HONG KONG — Hong Kong Chief Executive Leung Chun-ying refused to meet Tuesday with pro-democracy protesters calling for his resignation, as tens of thousands of demonstrators blocked city streets and braced for an anticipated crackdown by Beijing’s communist regime as early as Wednesday — China’s National Day.
Amid biting wind and rain, protesters erected barricades and stocked up on supplies, saying they were preparing for a long occupation of the city’s financial district and to defend themselves. Thousands packed into Bauhinia Square at the waterfront, where Mr. Leung is expected to attend a ceremony Wednesday marking the 65th anniversary of the 1949 founding of Communist China.
Mr. Leung, Beijing’s hand-picked top official in Hong Kong, called for an “immediate” halt to the protests, which are seeking for China to allow voters in the semiautonomous city to elect their leaders without Beijing’s interference.
Meanwhile, in London, British Prime Minister David Cameron said he planned to summon the Chinese ambassador to discuss the dispute, saying it is essential that Hong Kong’s people have a genuine right to choose their top leader, The Associated Press reported.
Participants in the “Umbrella Revolution,” named for the umbrellas protesters use to fend off the weather and tear gas, said they believe the Beijing government is clueless.
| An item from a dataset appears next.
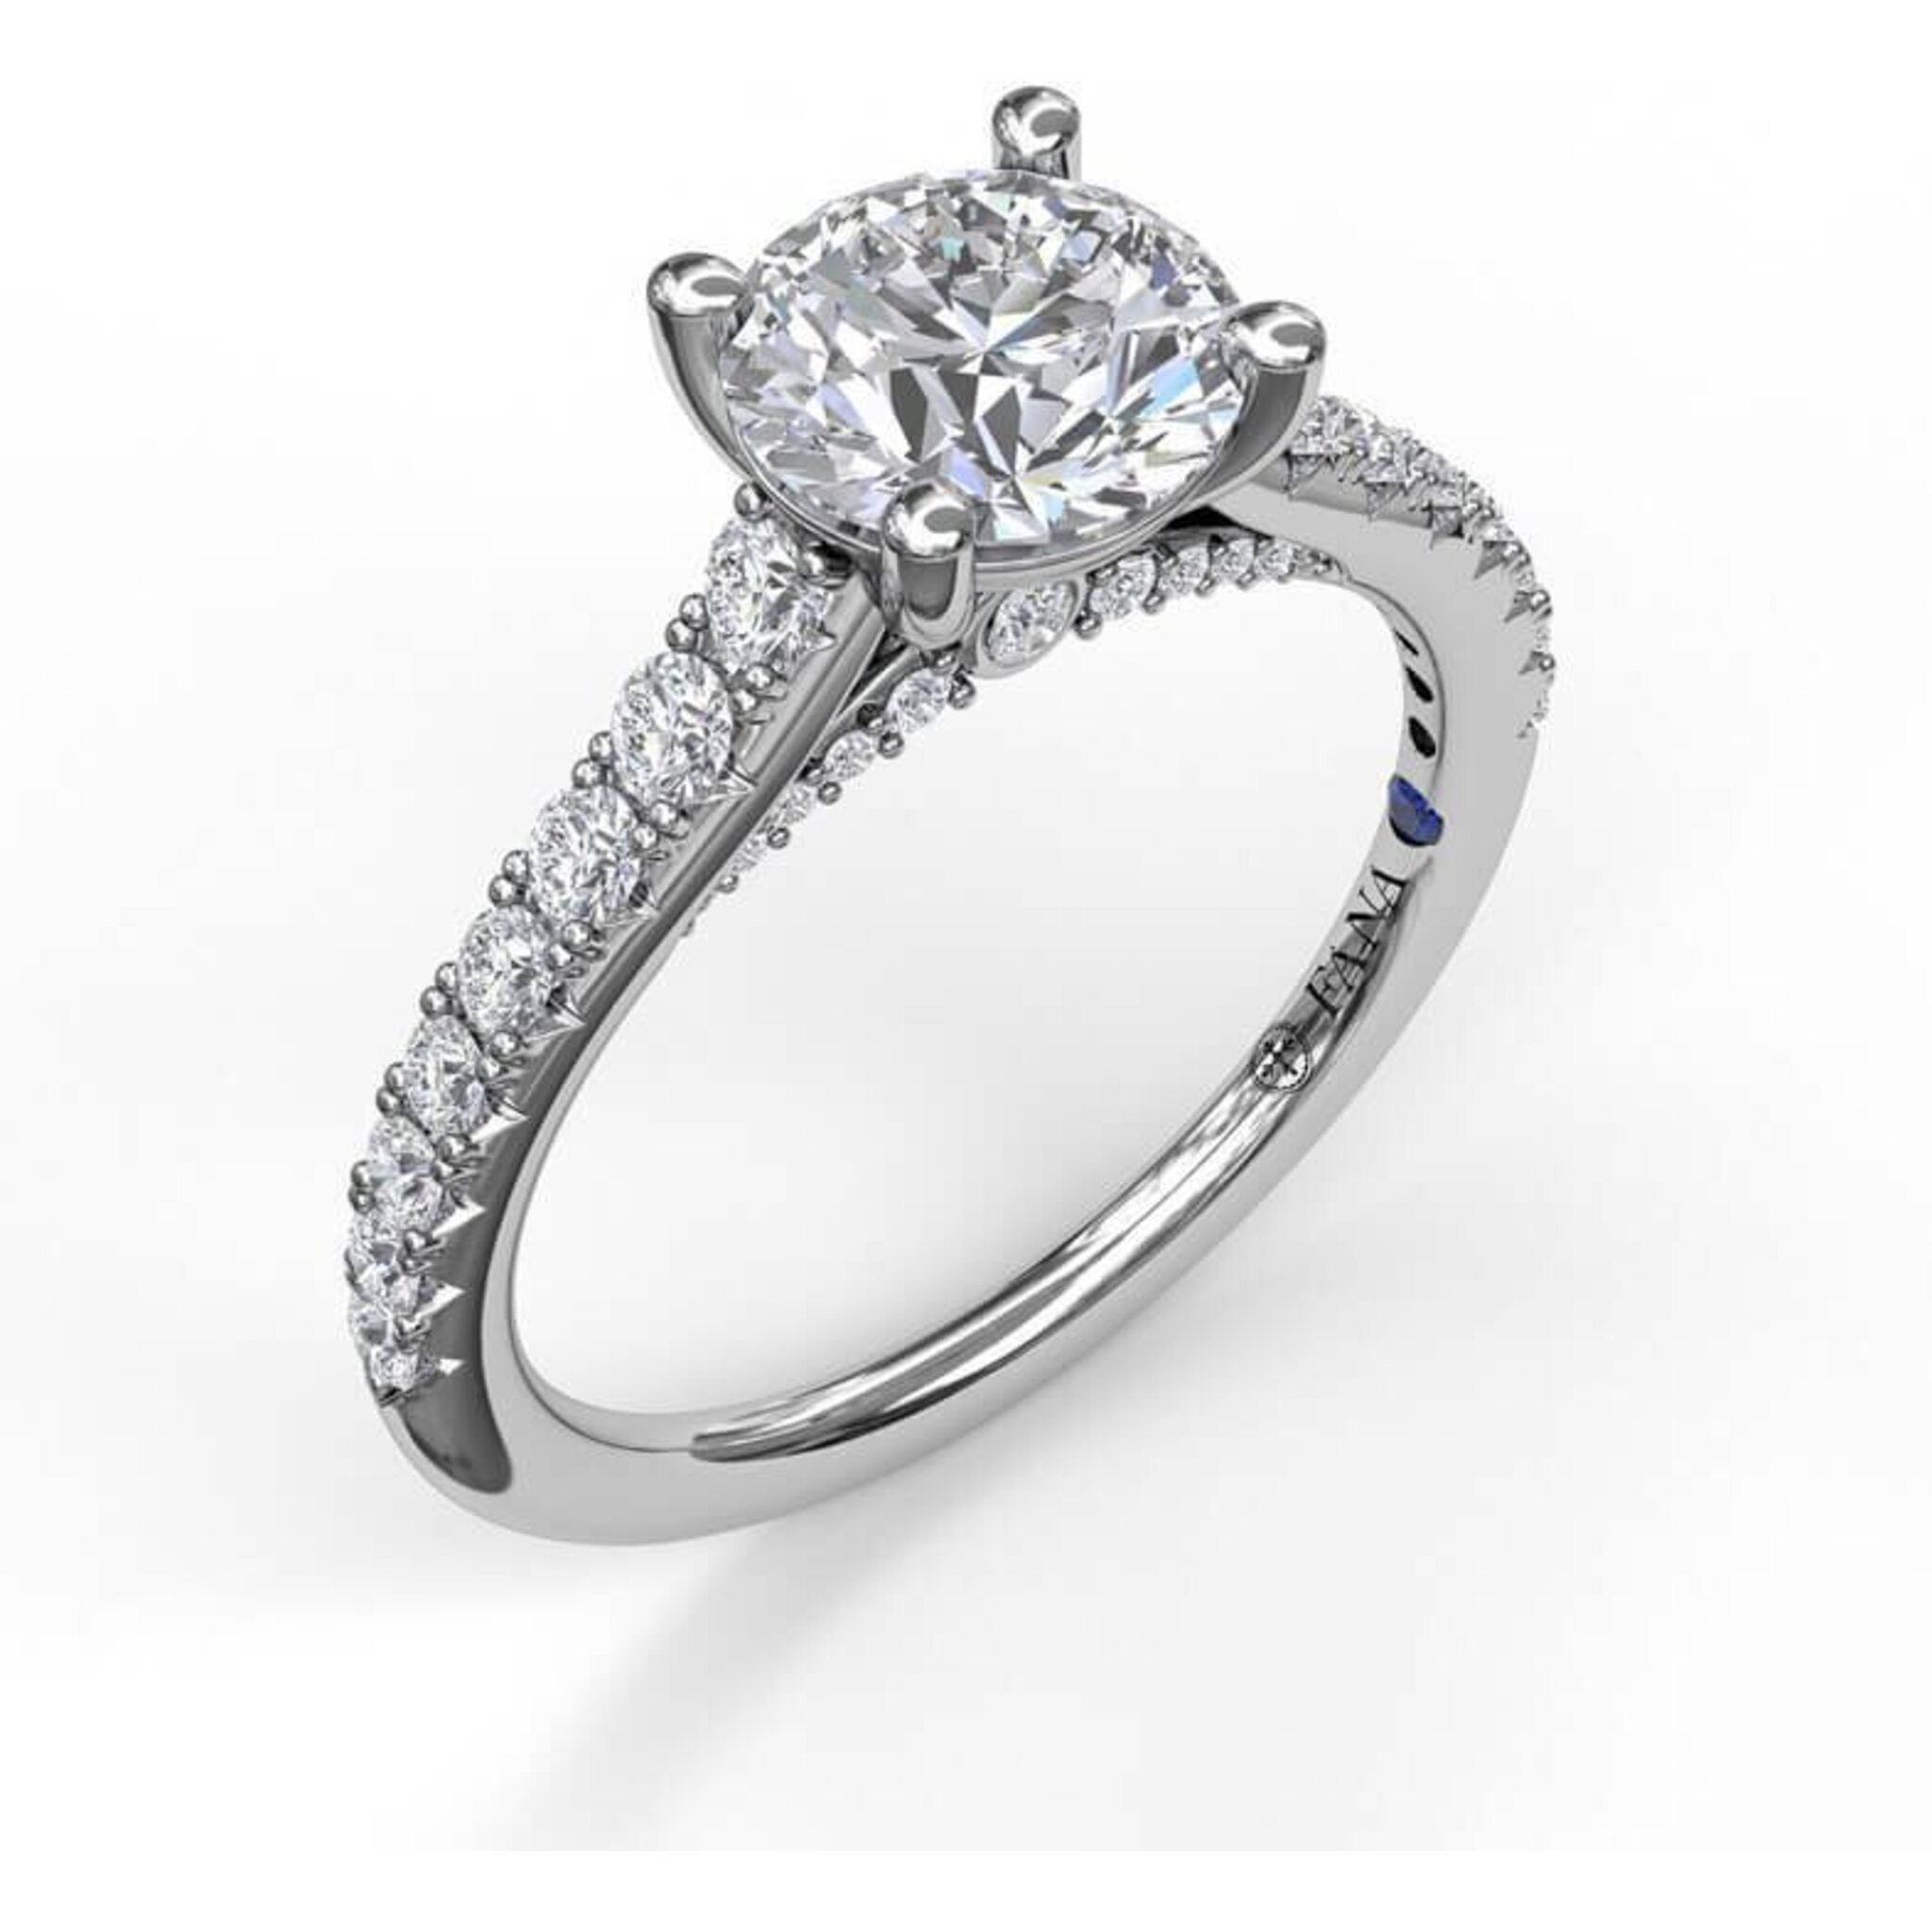 Fana Delicate Classic Engagement Ring with Delicate Side Detail

“Tens of thousands of people are demonstrating, yet the government is ignoring it,” said Kawai, 29, who has been protesting over the past few days. “My heart breaks to see the government treating the people this way. But I am touched that people who now have no choice but to come out and express themselves are helping each other.”
Protests began last week, with students boycotting schools and universities to demand free elections in 2017, which had been promised by China when it took over the former British colony in 1997. Beijing granted Hong Kong certain civil liberties via a miniconstitution and elections for its top post.
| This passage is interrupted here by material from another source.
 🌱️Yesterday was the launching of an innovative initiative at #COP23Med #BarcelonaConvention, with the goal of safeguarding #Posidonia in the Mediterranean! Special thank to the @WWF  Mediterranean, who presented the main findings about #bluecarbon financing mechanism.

But in proposed guidelines for the vote published in late August, China’s leadership granted the “one man, one vote” rule but rejected an open nomination process for candidates for the city’s leadership post of chief executive.
China wants to limit the number of candidates and make sure those selected are vetted by a committee the way it currently is done — by pro-Beijing elites — essentially leaving the top post under the control of the mainland Communist Party.
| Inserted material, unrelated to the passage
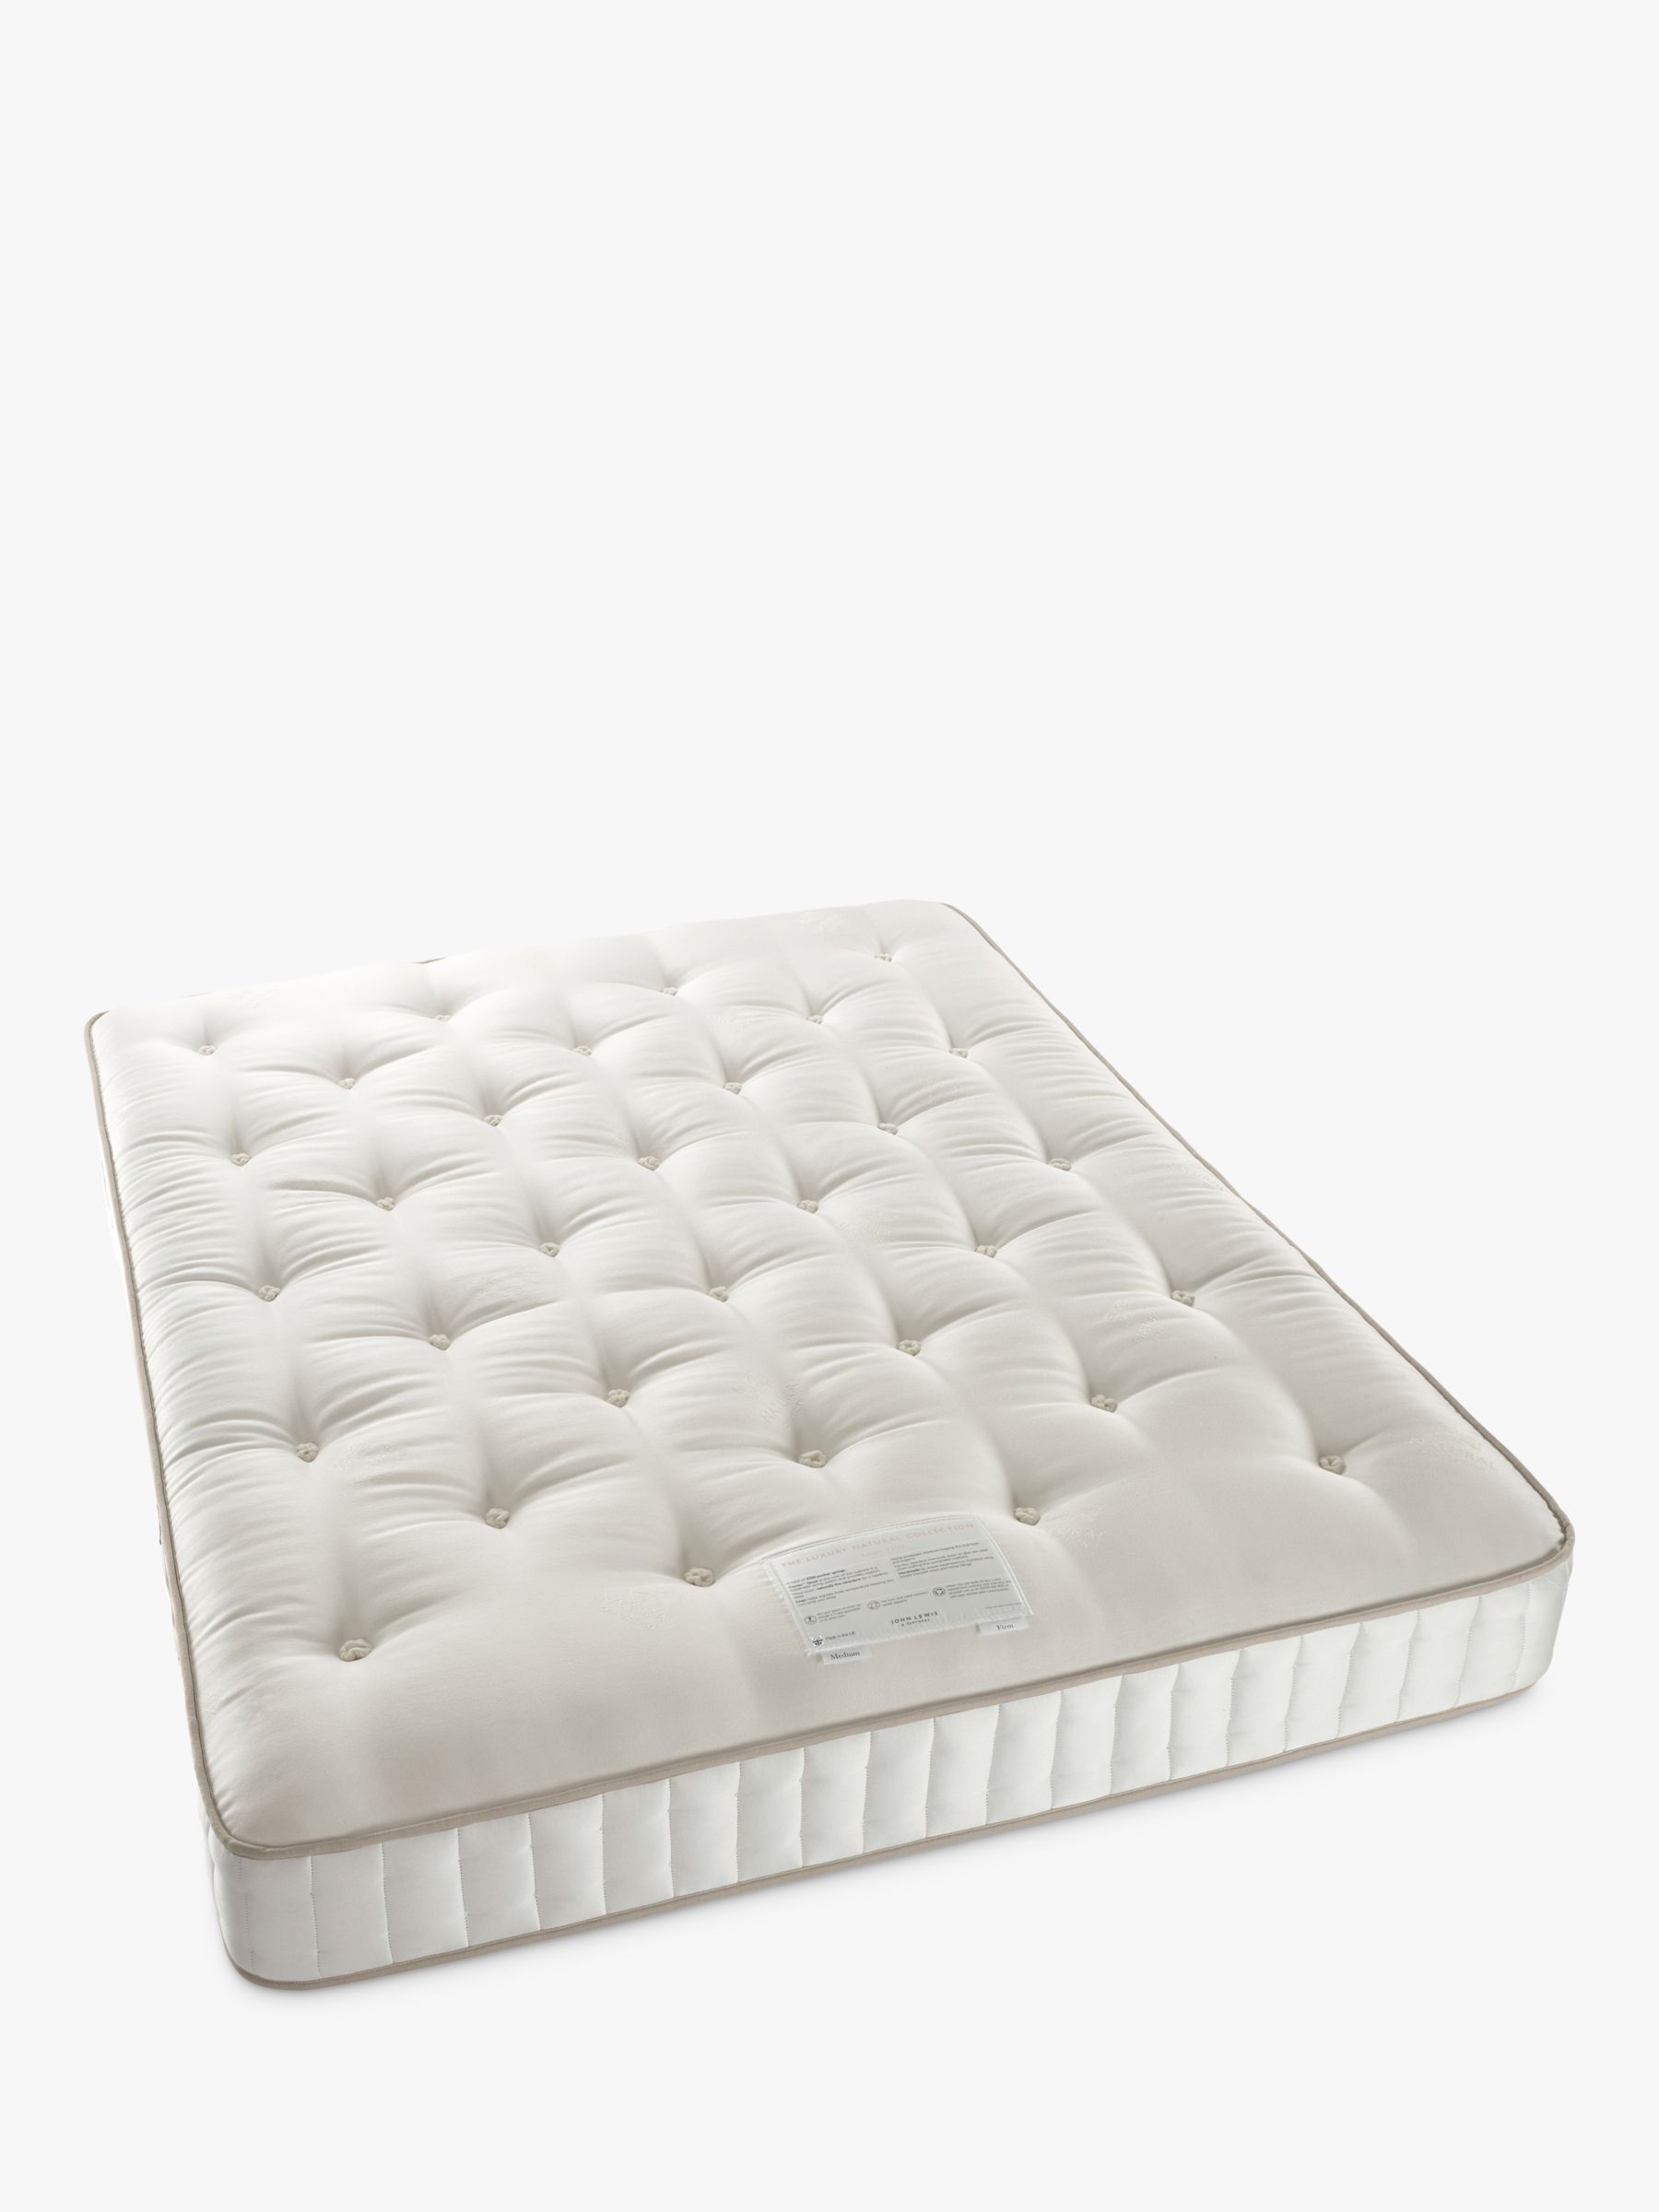 Photo of John lewis luxury natural collection linen 3250 super king size firmer tension pocket spring mattress

Pro-democracy demonstrators say the situation is unacceptable. That they have added to their list of demands that the city’s leader resign is a significant development, say analysts.
“It shows that [these demonstrations] are against Beijing but also against their own government,” said Nadine Godehardt, Asia analyst at the German Institute for International and Security Affairs in Berlin.
Still, the demonstrations have reminded many outside of Hong Kong of the deadly crackdown on pro-democracy protesters at Tiananmen Square in 1989.
But observers say the impetus is different.
“What is happening now in Hong Kong, it is also definitely a generational question,” said Ms. Godehardt. “We see the growing frustration of very young people, who were born in the 1990s, fighting for democracy, because they were raised with the idea that at some point they will have free elections and now they feel simply disappointed by the Chinese government that this is no longer possible.”
The international community is worried over Chinese intervention in Hong Kong. But analysts say that would only occur if the city’s leadership requested it. At the same time, a crackdown over the weekend with tear gas and batons drew thousands more onto the streets and broadened the protests.